** SUPPLIED DATA follows **

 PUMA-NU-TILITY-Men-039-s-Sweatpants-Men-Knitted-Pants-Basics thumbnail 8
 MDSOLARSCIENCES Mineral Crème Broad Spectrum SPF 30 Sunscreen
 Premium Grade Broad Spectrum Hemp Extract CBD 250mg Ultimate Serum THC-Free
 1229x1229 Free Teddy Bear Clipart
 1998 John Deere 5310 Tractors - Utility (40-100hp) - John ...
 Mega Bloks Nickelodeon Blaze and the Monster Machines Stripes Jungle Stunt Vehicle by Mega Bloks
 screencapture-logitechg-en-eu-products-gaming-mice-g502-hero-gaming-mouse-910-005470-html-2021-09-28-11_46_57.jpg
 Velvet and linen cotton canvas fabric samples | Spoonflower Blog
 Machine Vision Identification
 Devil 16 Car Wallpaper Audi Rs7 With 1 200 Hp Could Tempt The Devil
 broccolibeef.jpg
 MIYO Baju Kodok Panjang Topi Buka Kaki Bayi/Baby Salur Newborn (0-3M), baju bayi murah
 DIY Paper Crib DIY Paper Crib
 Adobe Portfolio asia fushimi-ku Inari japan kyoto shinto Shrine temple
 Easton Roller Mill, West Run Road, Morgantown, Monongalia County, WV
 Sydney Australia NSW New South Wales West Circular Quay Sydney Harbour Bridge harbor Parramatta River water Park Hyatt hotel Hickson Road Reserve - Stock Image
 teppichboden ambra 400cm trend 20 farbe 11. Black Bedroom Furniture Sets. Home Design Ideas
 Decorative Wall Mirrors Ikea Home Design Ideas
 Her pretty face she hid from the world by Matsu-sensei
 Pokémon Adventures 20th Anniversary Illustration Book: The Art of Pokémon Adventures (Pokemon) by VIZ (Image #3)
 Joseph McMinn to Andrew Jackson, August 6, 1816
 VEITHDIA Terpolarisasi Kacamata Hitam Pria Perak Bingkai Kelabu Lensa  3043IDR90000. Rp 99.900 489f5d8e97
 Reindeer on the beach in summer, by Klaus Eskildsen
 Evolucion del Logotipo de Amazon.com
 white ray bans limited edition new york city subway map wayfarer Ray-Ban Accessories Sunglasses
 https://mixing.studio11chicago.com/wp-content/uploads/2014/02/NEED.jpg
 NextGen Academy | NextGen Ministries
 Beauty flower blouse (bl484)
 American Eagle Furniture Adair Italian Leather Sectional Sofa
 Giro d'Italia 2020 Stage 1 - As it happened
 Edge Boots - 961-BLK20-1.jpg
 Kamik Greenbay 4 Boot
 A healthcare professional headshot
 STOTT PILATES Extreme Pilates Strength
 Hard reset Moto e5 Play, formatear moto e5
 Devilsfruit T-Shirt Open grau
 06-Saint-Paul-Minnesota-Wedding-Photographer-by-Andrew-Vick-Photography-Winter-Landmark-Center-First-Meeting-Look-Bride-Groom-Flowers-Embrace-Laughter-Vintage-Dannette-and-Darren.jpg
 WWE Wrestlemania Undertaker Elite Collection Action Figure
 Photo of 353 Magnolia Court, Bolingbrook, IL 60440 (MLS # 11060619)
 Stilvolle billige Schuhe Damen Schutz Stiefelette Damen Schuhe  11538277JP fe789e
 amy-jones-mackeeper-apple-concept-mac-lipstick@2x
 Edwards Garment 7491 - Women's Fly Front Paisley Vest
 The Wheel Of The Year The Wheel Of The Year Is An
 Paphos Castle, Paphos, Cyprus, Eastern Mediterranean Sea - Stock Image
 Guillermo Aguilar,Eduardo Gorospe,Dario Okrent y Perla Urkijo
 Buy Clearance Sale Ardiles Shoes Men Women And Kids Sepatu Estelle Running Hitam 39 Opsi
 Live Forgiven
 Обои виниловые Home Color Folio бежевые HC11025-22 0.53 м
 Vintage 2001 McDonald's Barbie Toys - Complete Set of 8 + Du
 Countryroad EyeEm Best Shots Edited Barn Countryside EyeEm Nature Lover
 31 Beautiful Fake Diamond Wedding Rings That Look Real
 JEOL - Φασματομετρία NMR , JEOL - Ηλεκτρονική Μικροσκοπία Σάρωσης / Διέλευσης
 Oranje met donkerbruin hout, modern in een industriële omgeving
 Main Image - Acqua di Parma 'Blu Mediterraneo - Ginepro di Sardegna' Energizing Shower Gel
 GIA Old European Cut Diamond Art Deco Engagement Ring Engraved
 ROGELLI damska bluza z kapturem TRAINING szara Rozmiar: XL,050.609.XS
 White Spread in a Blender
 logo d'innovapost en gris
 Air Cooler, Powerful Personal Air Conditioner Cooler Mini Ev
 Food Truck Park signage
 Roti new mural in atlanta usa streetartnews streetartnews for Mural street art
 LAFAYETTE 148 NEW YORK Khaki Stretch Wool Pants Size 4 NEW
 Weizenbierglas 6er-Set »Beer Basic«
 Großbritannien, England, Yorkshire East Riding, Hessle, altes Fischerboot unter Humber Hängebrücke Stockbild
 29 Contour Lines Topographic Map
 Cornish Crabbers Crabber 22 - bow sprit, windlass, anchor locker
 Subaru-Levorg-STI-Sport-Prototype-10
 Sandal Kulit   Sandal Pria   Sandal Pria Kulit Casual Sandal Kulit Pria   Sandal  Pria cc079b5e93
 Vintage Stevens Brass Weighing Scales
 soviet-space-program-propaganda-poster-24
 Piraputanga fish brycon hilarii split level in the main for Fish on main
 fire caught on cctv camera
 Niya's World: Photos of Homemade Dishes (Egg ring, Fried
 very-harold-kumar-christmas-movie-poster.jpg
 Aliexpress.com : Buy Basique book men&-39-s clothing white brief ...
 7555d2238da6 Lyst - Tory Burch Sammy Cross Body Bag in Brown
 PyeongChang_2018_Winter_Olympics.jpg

** End of SUPPLIED DATA **

WHAT YOU NEED TO DO:
Set the entries down again exactly, beginning with their first line and ending with the line that contains "Machine Vision Identification"; omit all other lines.

TASK OUTPUT:
 PUMA-NU-TILITY-Men-039-s-Sweatpants-Men-Knitted-Pants-Basics thumbnail 8
 MDSOLARSCIENCES Mineral Crème Broad Spectrum SPF 30 Sunscreen
 Premium Grade Broad Spectrum Hemp Extract CBD 250mg Ultimate Serum THC-Free
 1229x1229 Free Teddy Bear Clipart
 1998 John Deere 5310 Tractors - Utility (40-100hp) - John ...
 Mega Bloks Nickelodeon Blaze and the Monster Machines Stripes Jungle Stunt Vehicle by Mega Bloks
 screencapture-logitechg-en-eu-products-gaming-mice-g502-hero-gaming-mouse-910-005470-html-2021-09-28-11_46_57.jpg
 Velvet and linen cotton canvas fabric samples | Spoonflower Blog
 Machine Vision Identification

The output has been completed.